Dataset extract –
********

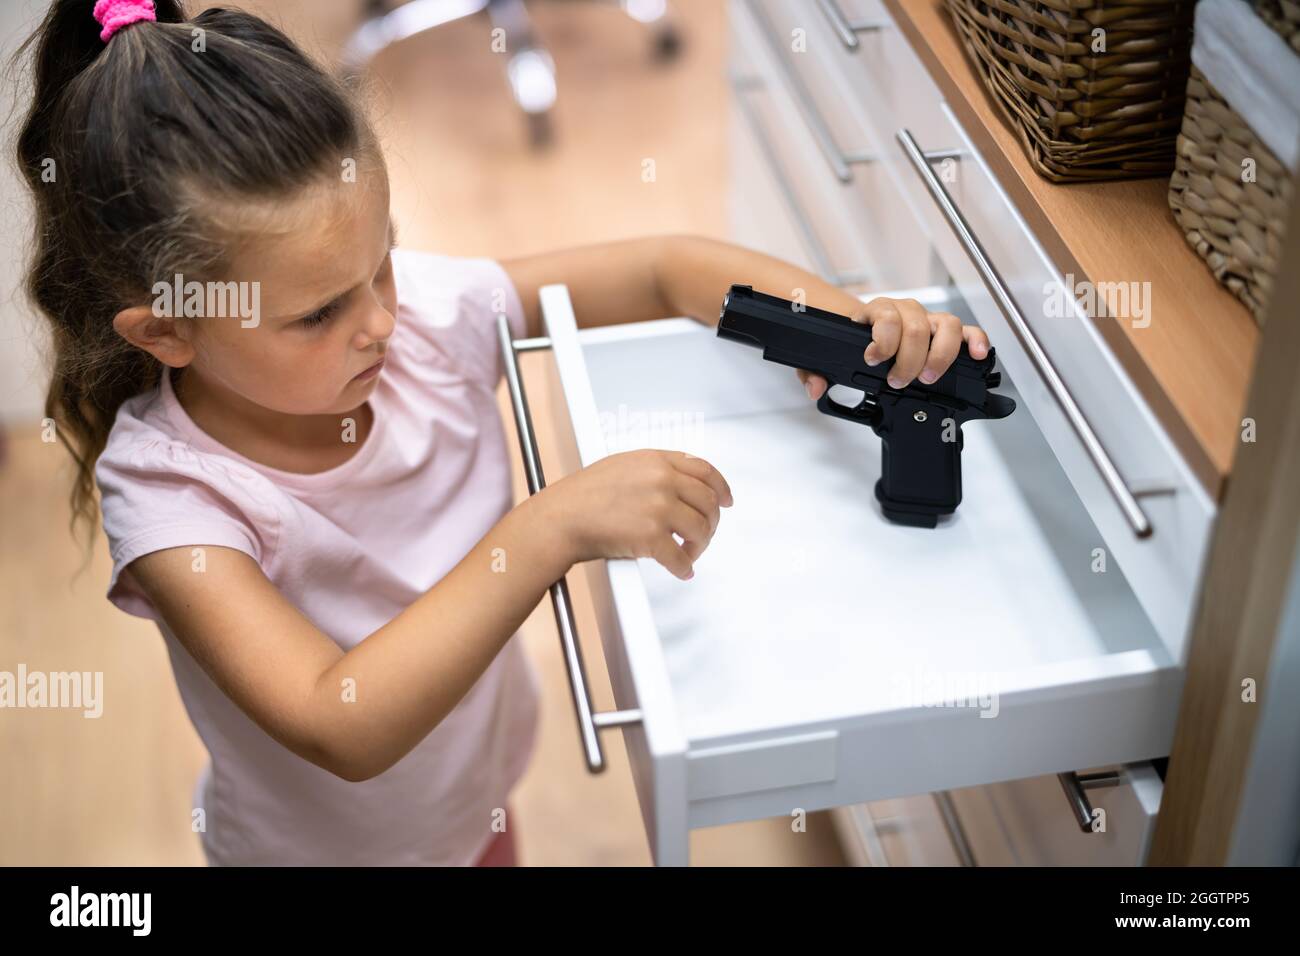 Kid With Gun. Girl Reaching For Pistol In Drawer. Children Safety Stock Photo
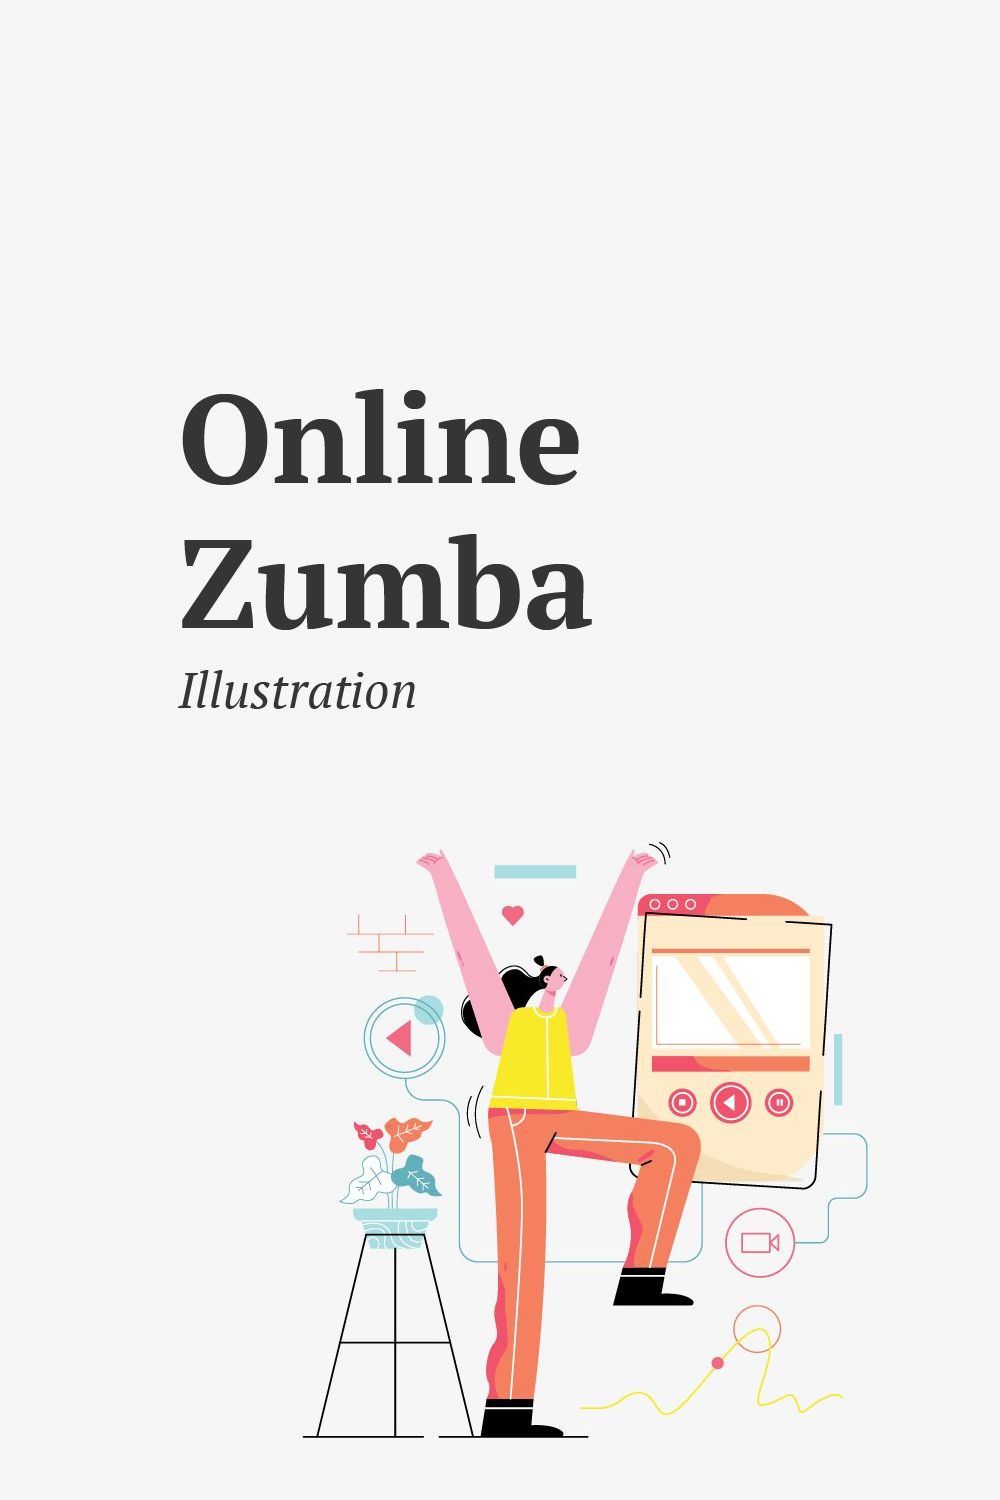 Online Zumba Illustration pinterest preview image.
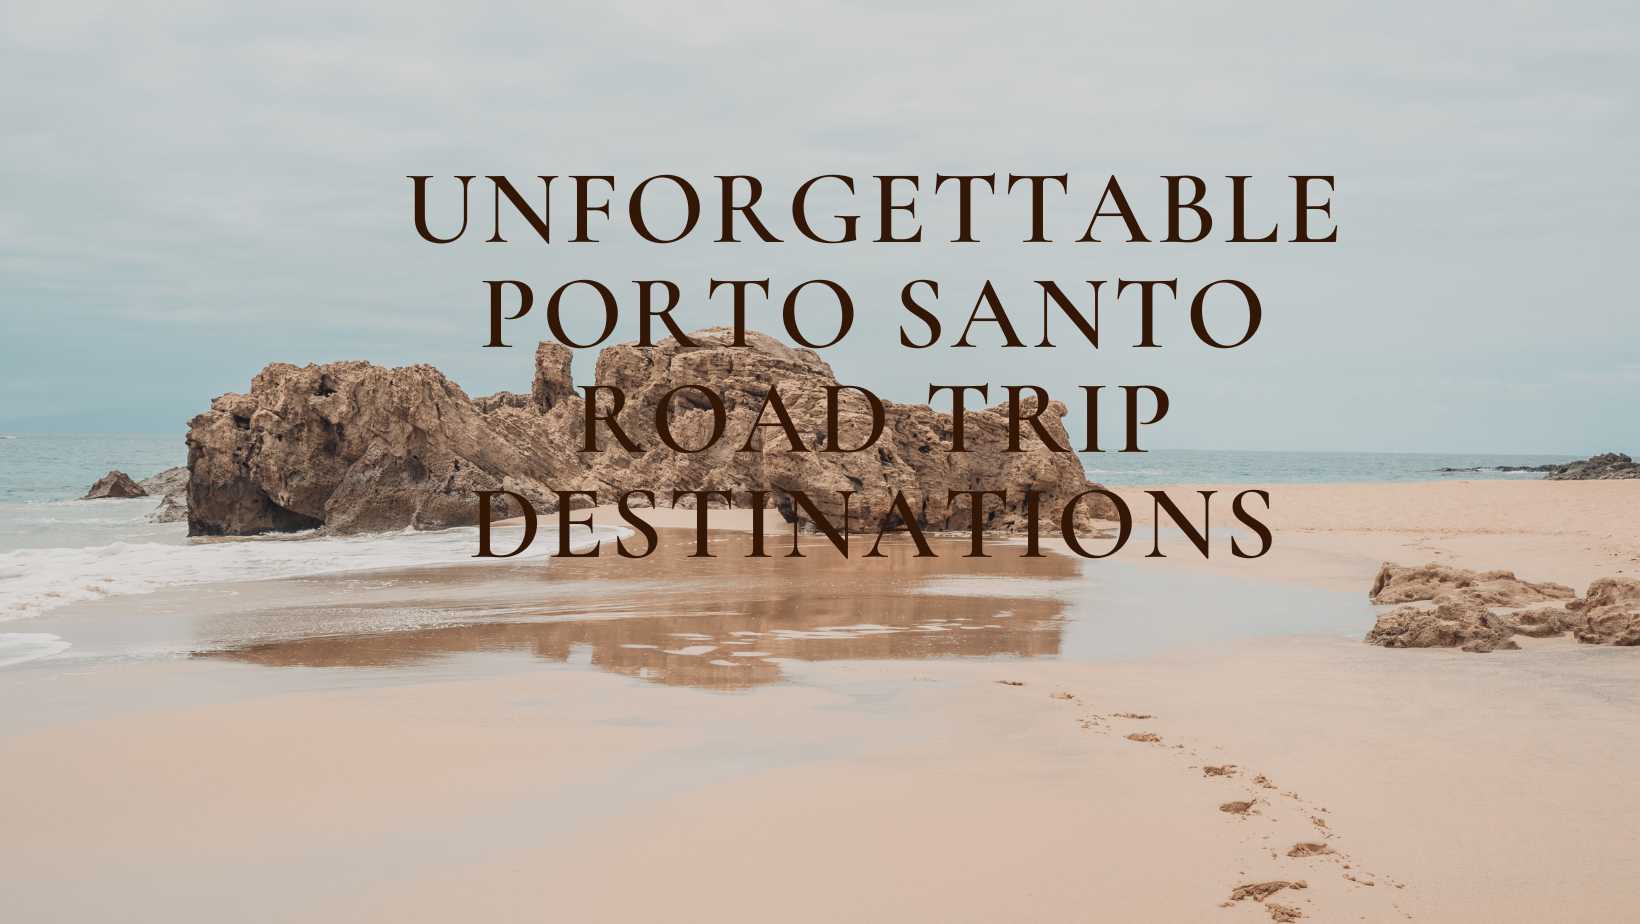 Porto Santo road trip destinations

********

Exercise brief –
Give back the data exactly, with no images.

Response –
 Kid With Gun. Girl Reaching For Pistol In Drawer. Children Safety Stock Photo
 Online Zumba Illustration pinterest preview image.
 Porto Santo road trip destinations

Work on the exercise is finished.